Physicians harvest a small, centimeters-sized area of full-thickness skin from the donor site that contains multicellular segments of regenerative cellular populations, usually from the back of a patient’s leg. This procedure can be performed outpatient under local anesthesia as well as inpatient as required, avoiding frequent and time-consuming appointments for wound care teams and patients.
The skin sample is shipped to PolarityTE’s lab and is processed into a paste that retains the regenerative quality of a patient’s skin. A quick response is often essential in treating serious wounds, and PolarityTE’s skin processing can be achieved in less than 48 hours. SkinTE is easily dispensed from a syringe in a paste-like consistency, spread across the wound, and covered with dressing until closure.

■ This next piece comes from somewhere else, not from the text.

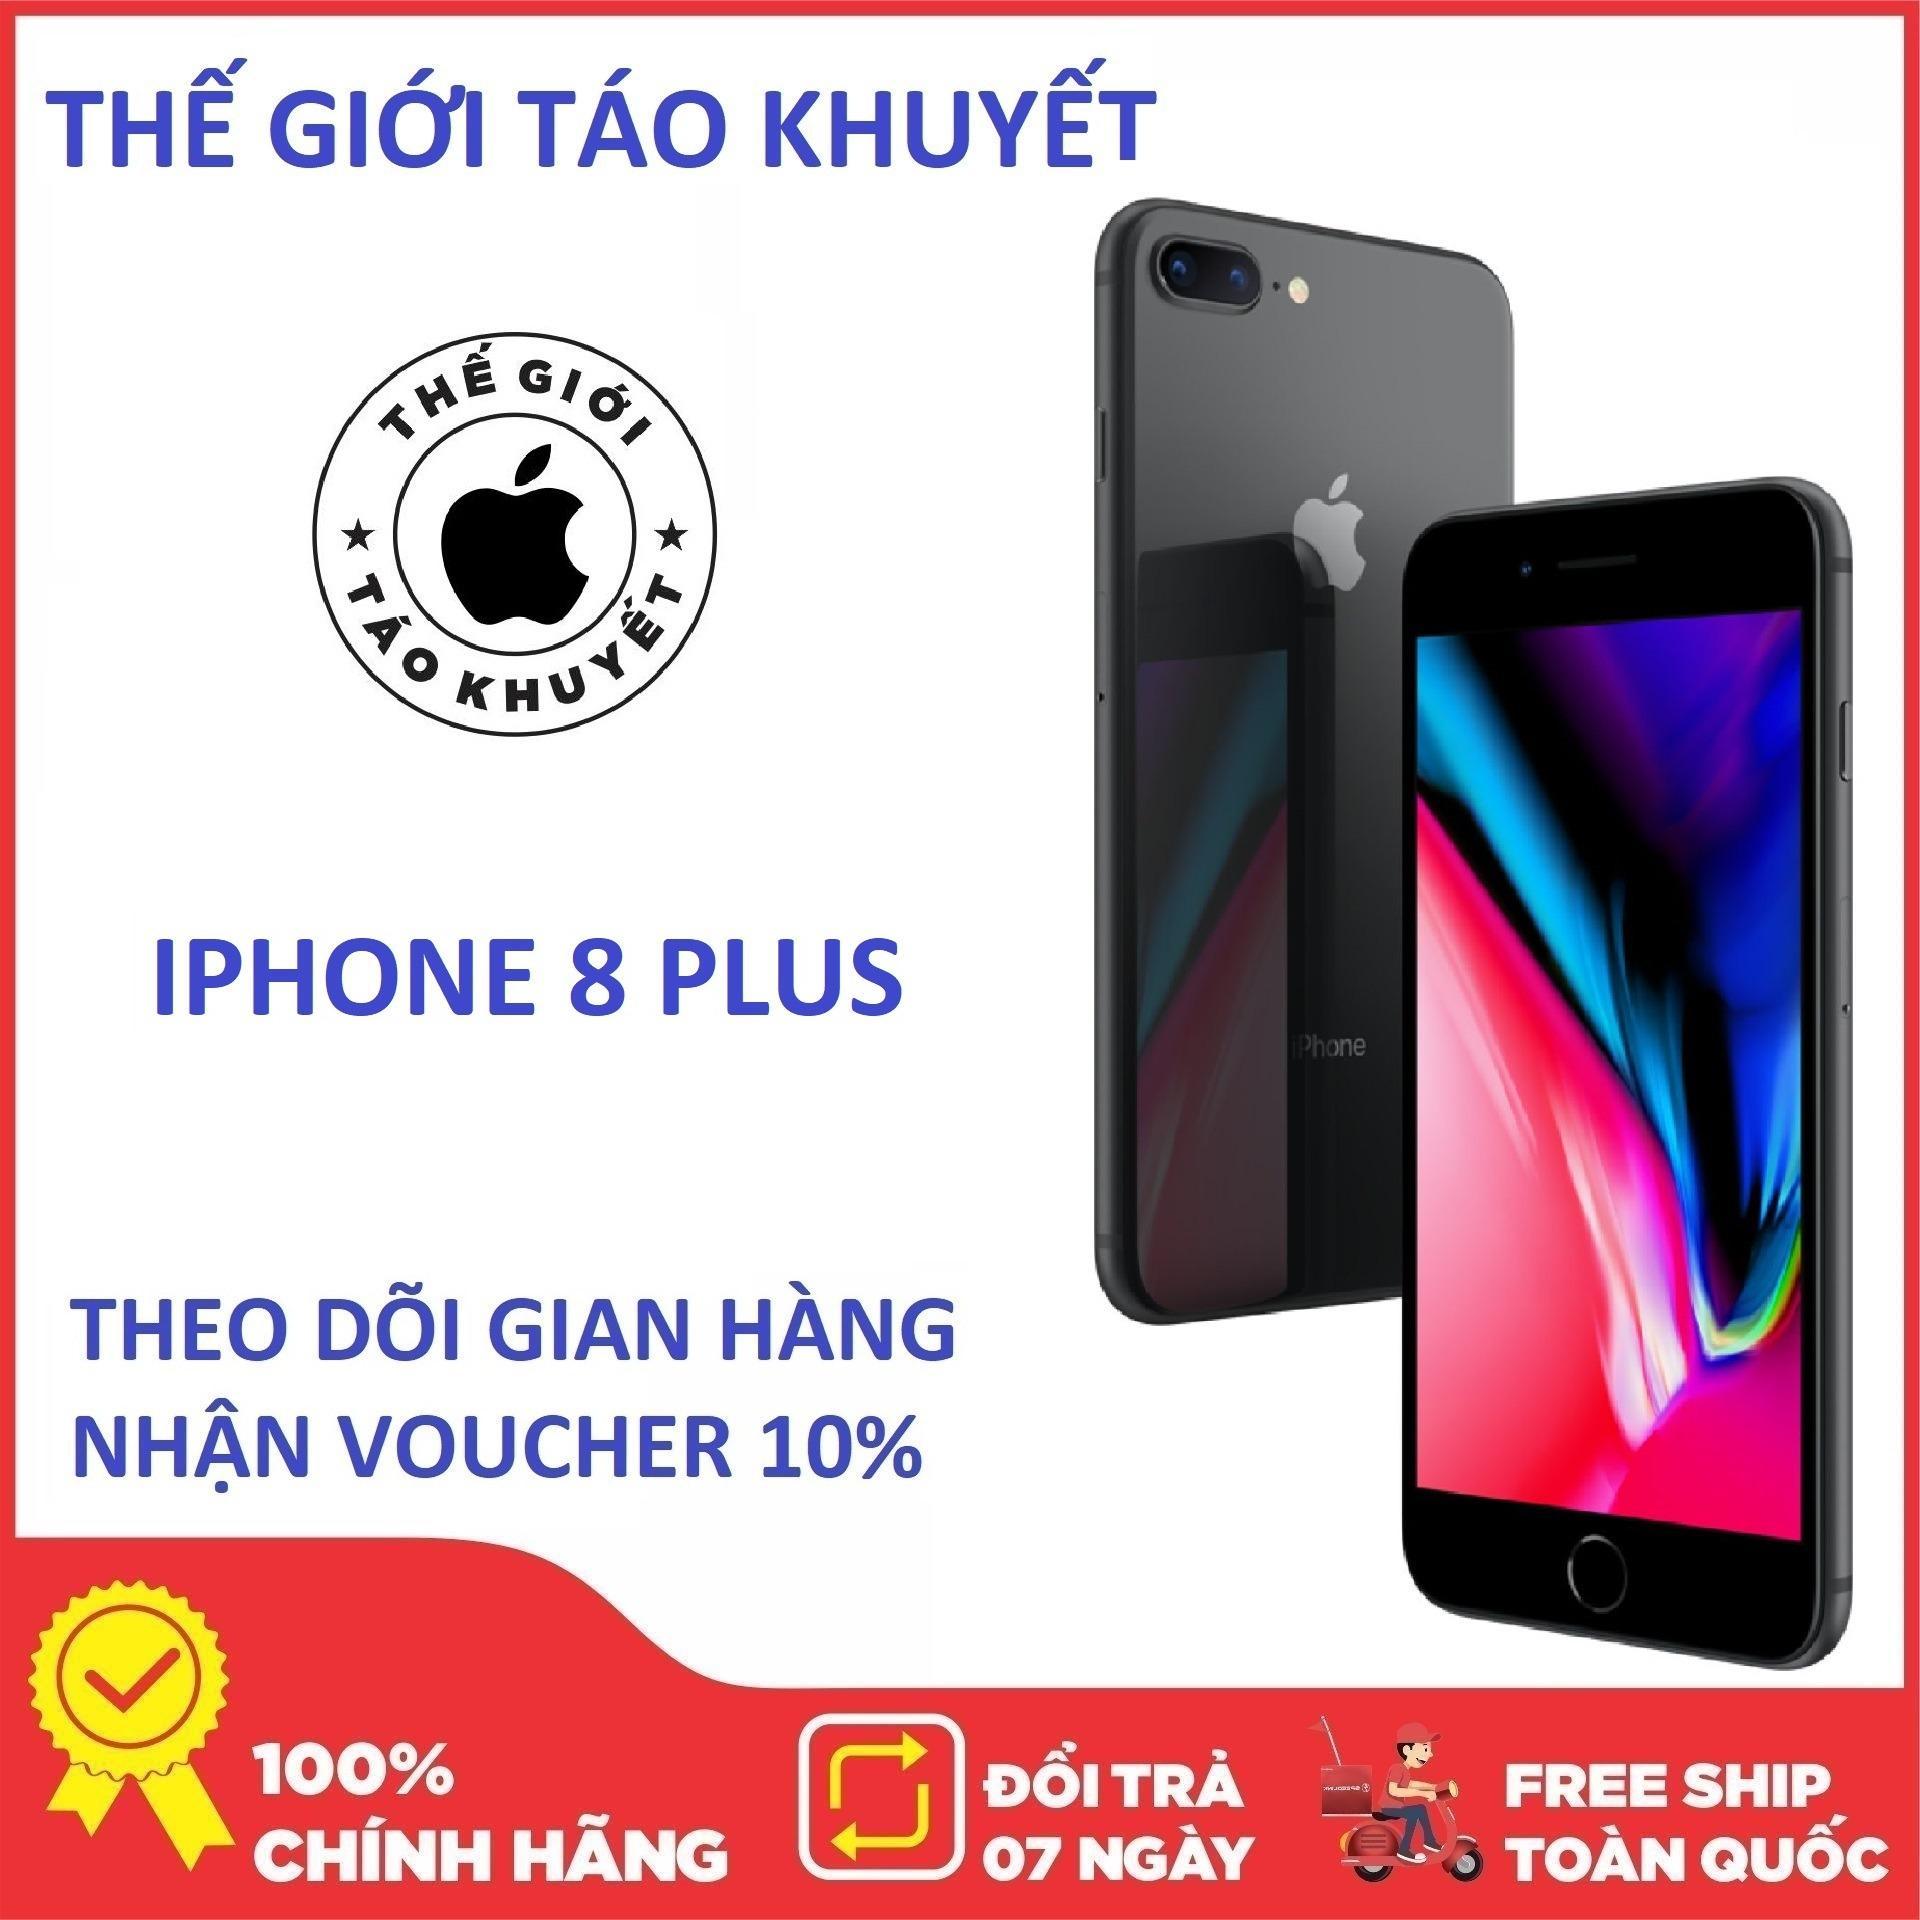 Điện thoại Apple IPHONE 8 PLUS - 64GB - Quốc Tế - Bảo hành 12T - Giá rẻ - Thế Giới Táo Khuyết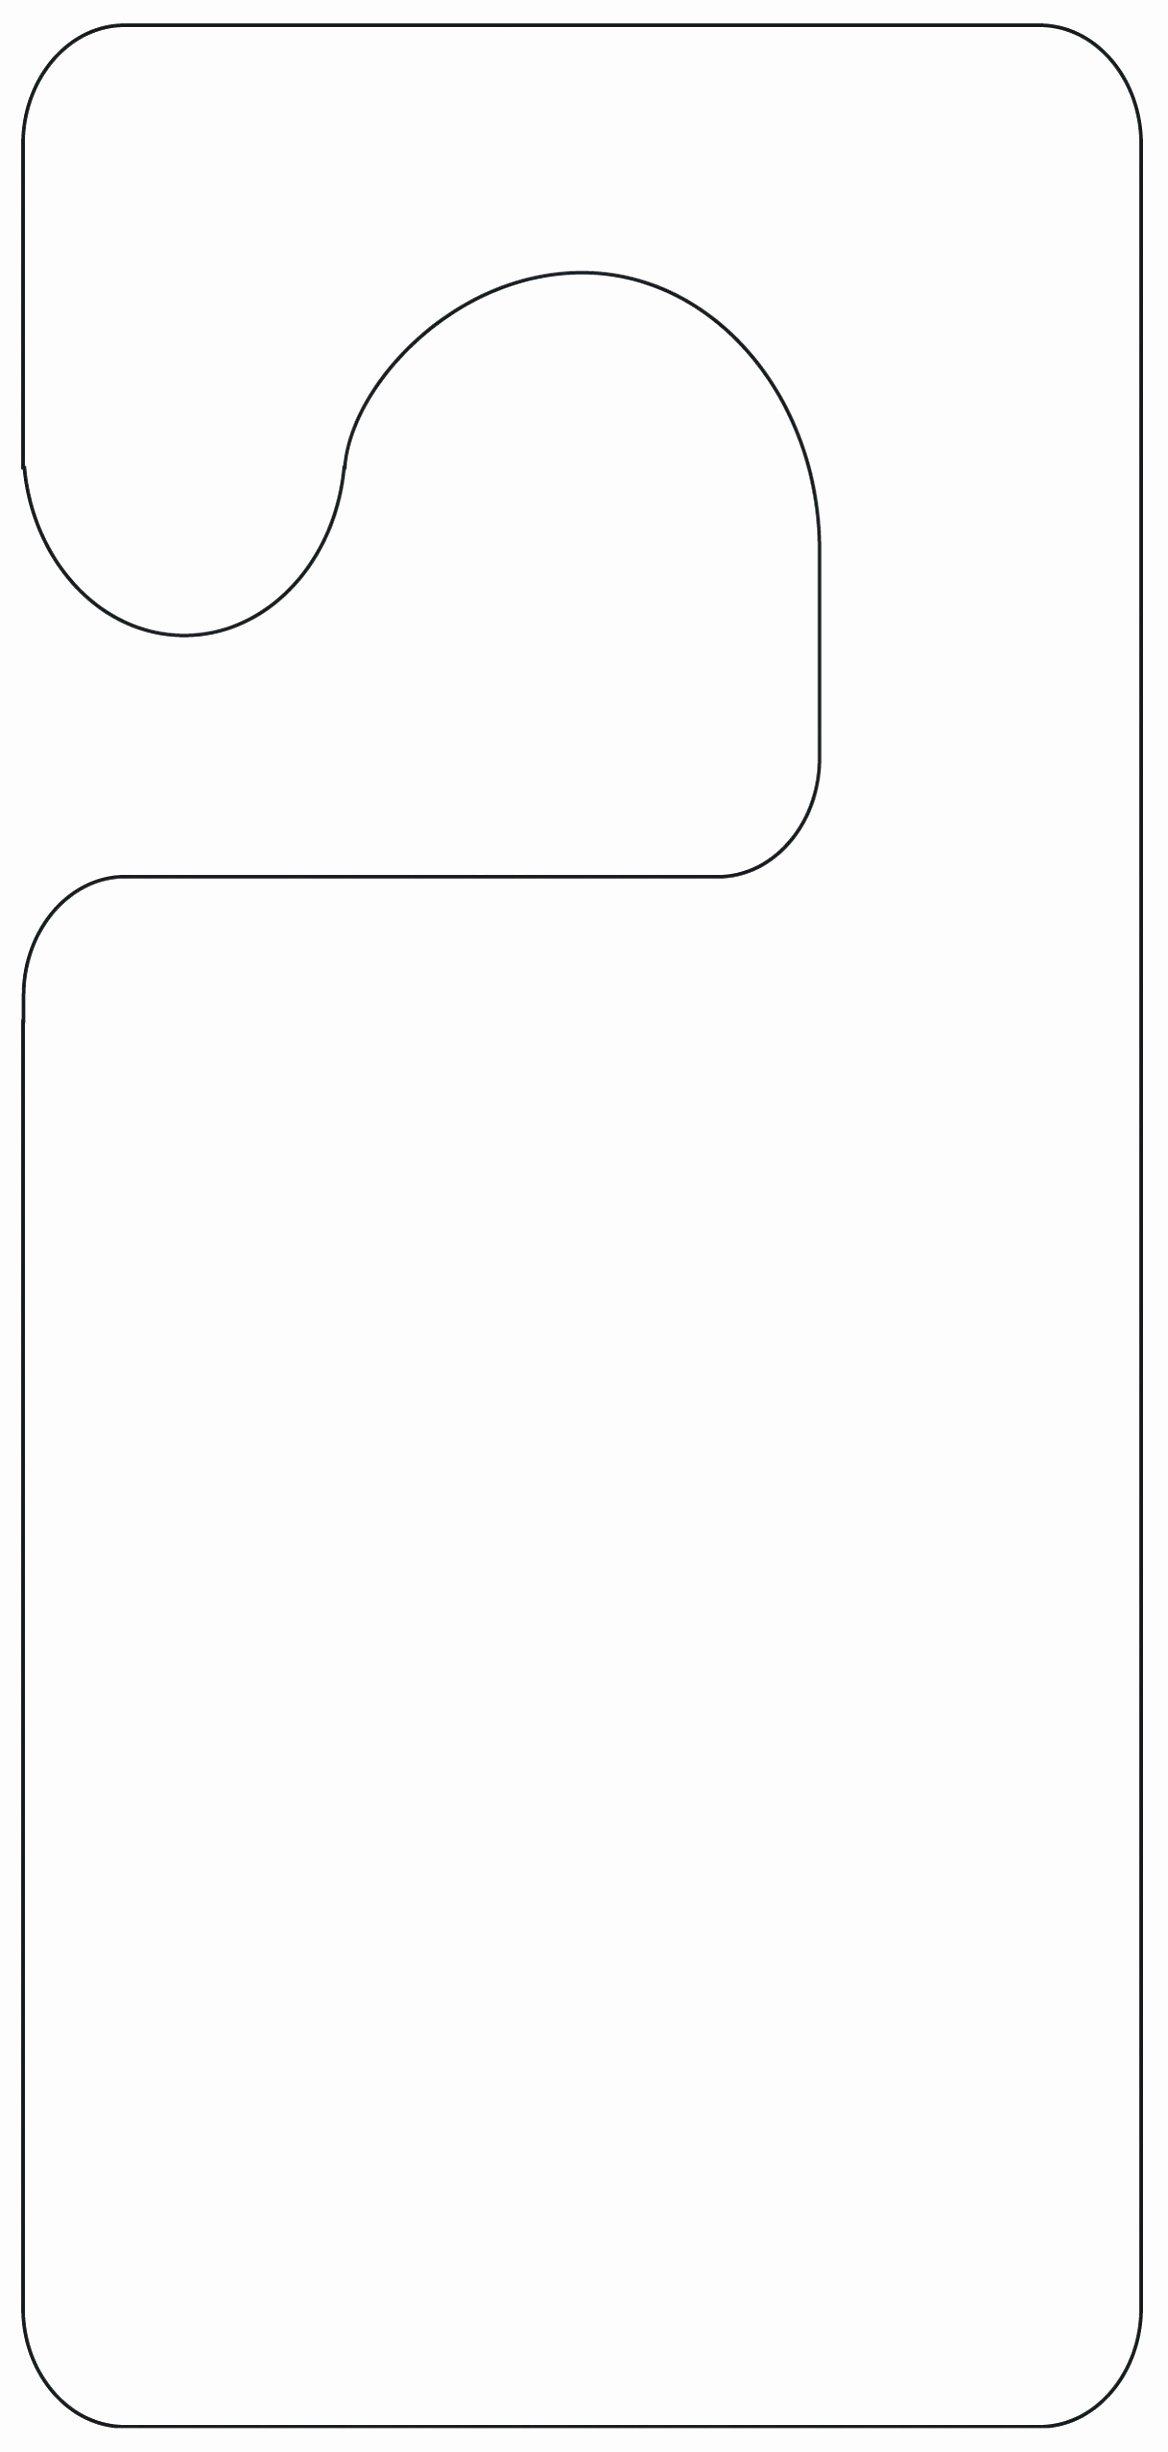 Door Hanger Template Pdf New 5 Blank Door Hanger Template for Word Uawrc

PolarityTE has submitted an IND to FDA for SkinTE for the use in chronic cutaneous ulcers. Their first pivotal trial is planned for Wagner 2 DFUs ranging up to 10cm2. PolarityTE plans to enrol a second pivotal study in another complex chronic wound type such as stage 3 and 4 pressure injuries. Ultimately, they plan to pursue approval for acute traumatic wounds, and burns as well. Finding a solution that can adapt to several types of wounds and severities will be crucial to improving patient outcomes.
AM: What future innovations do you foresee happening in the wound care space to improve patient outcomes?
RH: Wound care treatments must be adaptive and work with the patient’s own body, leveraging regenerative qualities of skin cells to promote wound healing. The future of wound care is shifting towards solutions that address all types of wounds, no matter the cause or severity. Patients with later-stage wounds are often given few alternatives to amputation, and health care professionals must find solutions that avoid this outcome. Amputations limit the mobility of patients; are costly to both patients and healthcare systems; and require surgery, routine check-ups, and physical therapy. The next generation of wound care must include biologically active therapies that can improve closure rates in highly compromised patients and that can be applied in a single, non-surgical application in multiple sites of care. At PolarityTE, we hope to be a part of the solution for patients with difficult-to-treat wounds.
Richard Hague was speaking to Anna MacDonald, Science Writer for Technology Networks.